Copyright © 1987 published by the University of New Mexico Press, photos and texts used with permission.
Left above: Monument No. 35 - Chihuahuan Desert. "The
vegetation here has changed drastically during the last ninety-two
years. What formerly appears to have been essentially a pure stand
of tobosagrass [Hilaria mutica] has now become an open mixture
of creosotebush and snakeweed, with no grass."
Right above: Monument No. 82 - Chihuahuan Desert. "The ninety years that have elapsed since 1893 have shown a shift from grasses with a very few scattered shrubs to shrubs and and halfshrubs with no grasses."

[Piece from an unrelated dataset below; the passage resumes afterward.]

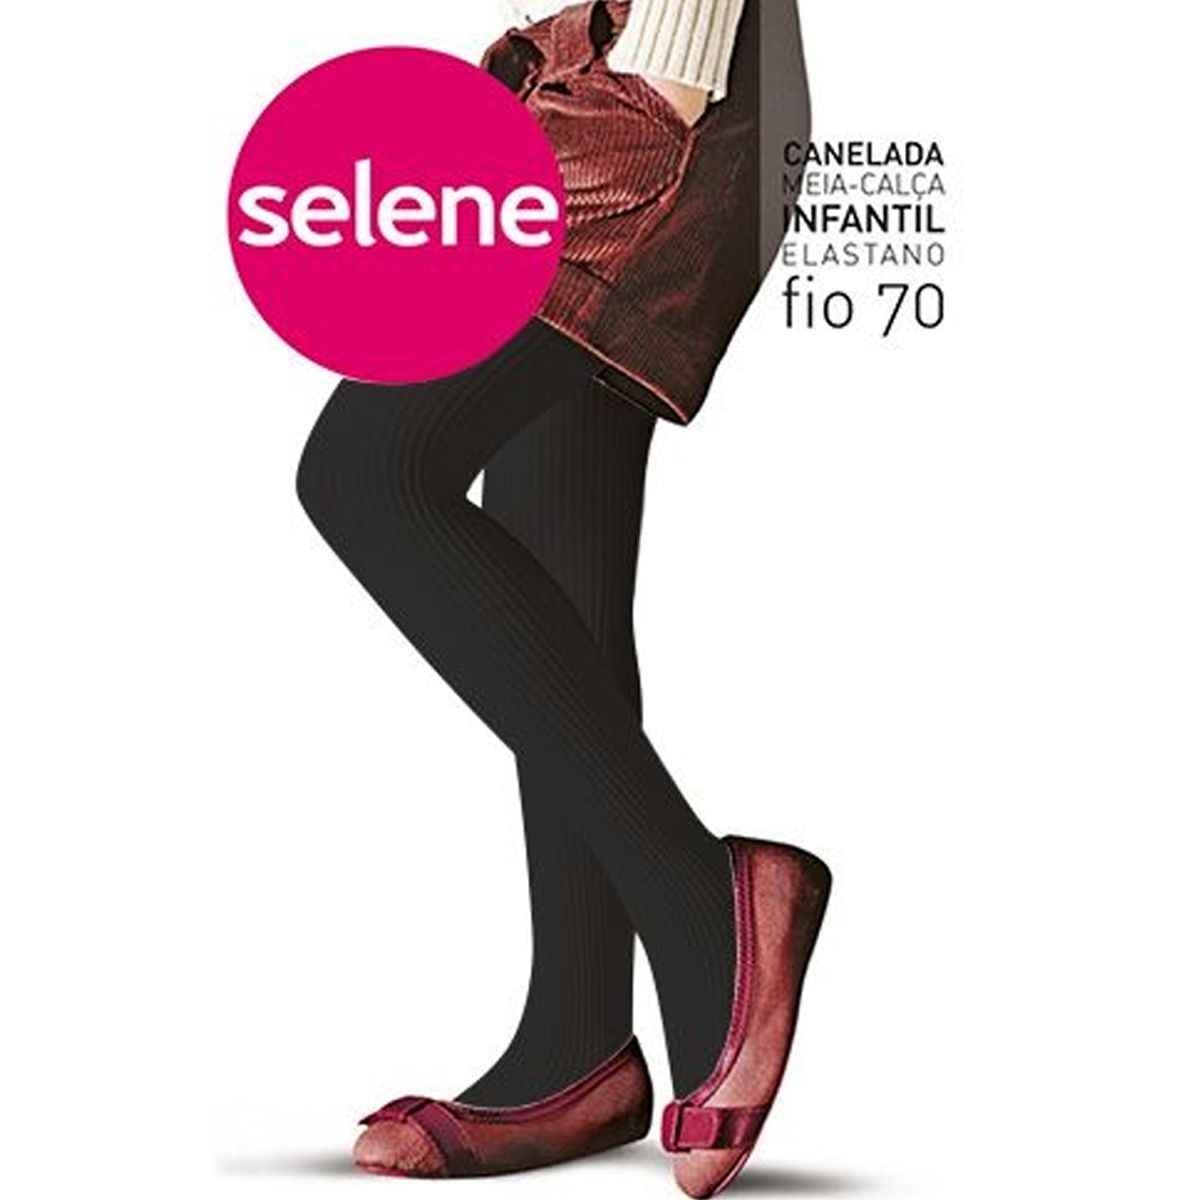 Meia calça infantil fio 70 Selene

Left above: Monument No. 112 - Semidesert Grassland. "This area, which I have designated semidesert grassland, is rapidly being taken over by velvet mesquite and might, perhaps, be more properly classified as savanna. An occasional Emory oak lends variety to the mesquite. The oaks are probably about as abundant as they were in the 1890's; the mesquite, in contrast, presents a marked life-form change. What was essentially open grassland has now become a mesquite-grass savanna in which the mesquites are assuming an ever-increasing greater control. "

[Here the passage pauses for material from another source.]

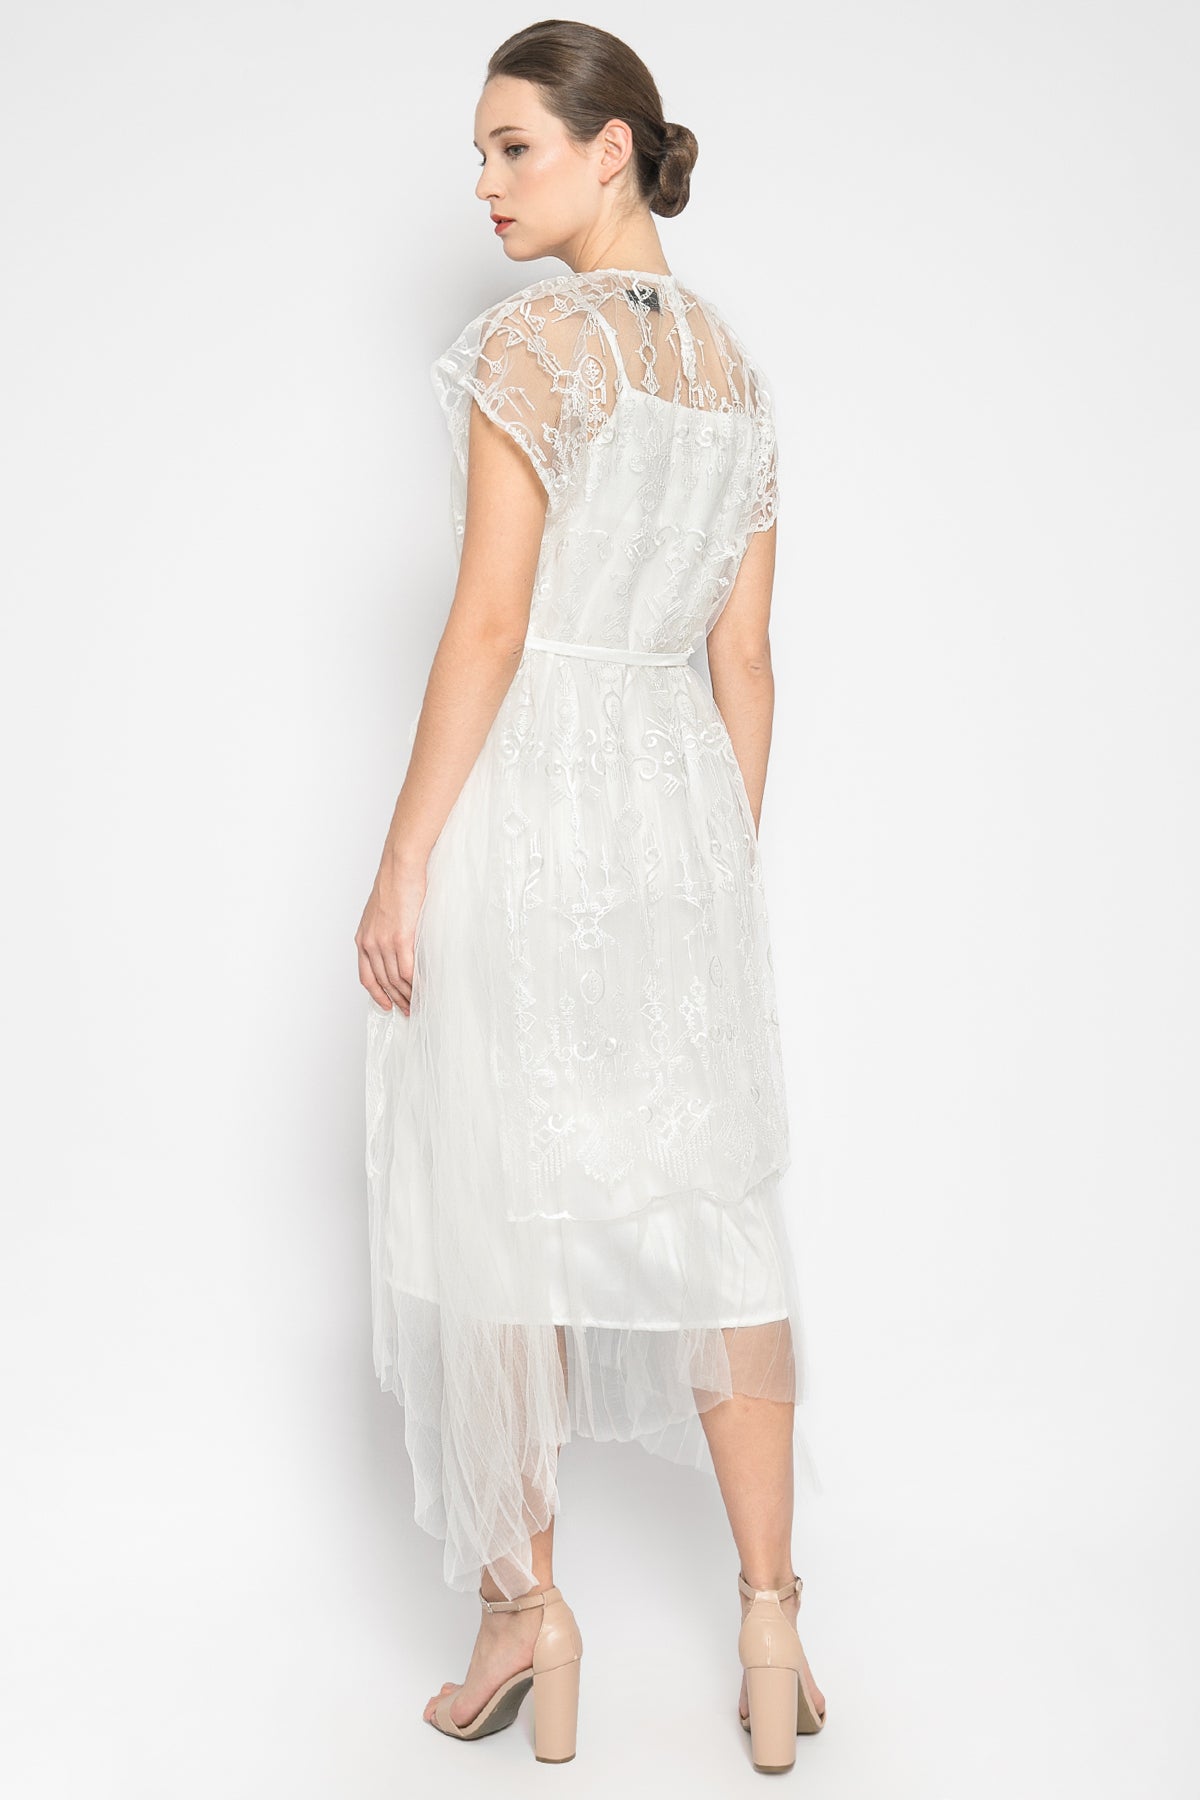 Marni Dress in Off White

Right above: Monument No. 138 - Semidesert Grassland, Sonoran Savanna. "There has been a major vegetational change throughout this area during the last ninety years, a change evidenced primarily by the invasion of mesquite, cacti, and other shrubs and halfshrubs. At the time the monuments were erected, this was open grassland free of scrub vegetation and with mesquite restricted to the occasional drainage. When I first passed through here as a graduate student in 1930, it was still essentially open, rolling prairie grassland."
Left above: Monument 144 - Sonoran desert: "The former open grassland, free of scrub vegetation except for the long, dark streak in the background indicating a wash or drainage, has been replaced by scrub. "
Right above: Monument 157 - Sonoran desert: "Here,
as elsewhere generally in the Great Plain, a once open area has
been taken over by scrub. Low-growing shrubs, probably saltbush
or burroweed, show in the original picture, with a good carpet
of what appears to be grasses or a mixture of grasses and annual
forbs. Although two lines of darker vegetation that may have been
mesquite show in the distant background, there was none evident
in the vicinity of the monument.
Today, mesquite has become established throughout the area, and
I even had to chop away part of one tree to photograph the monument
from near the original camera location."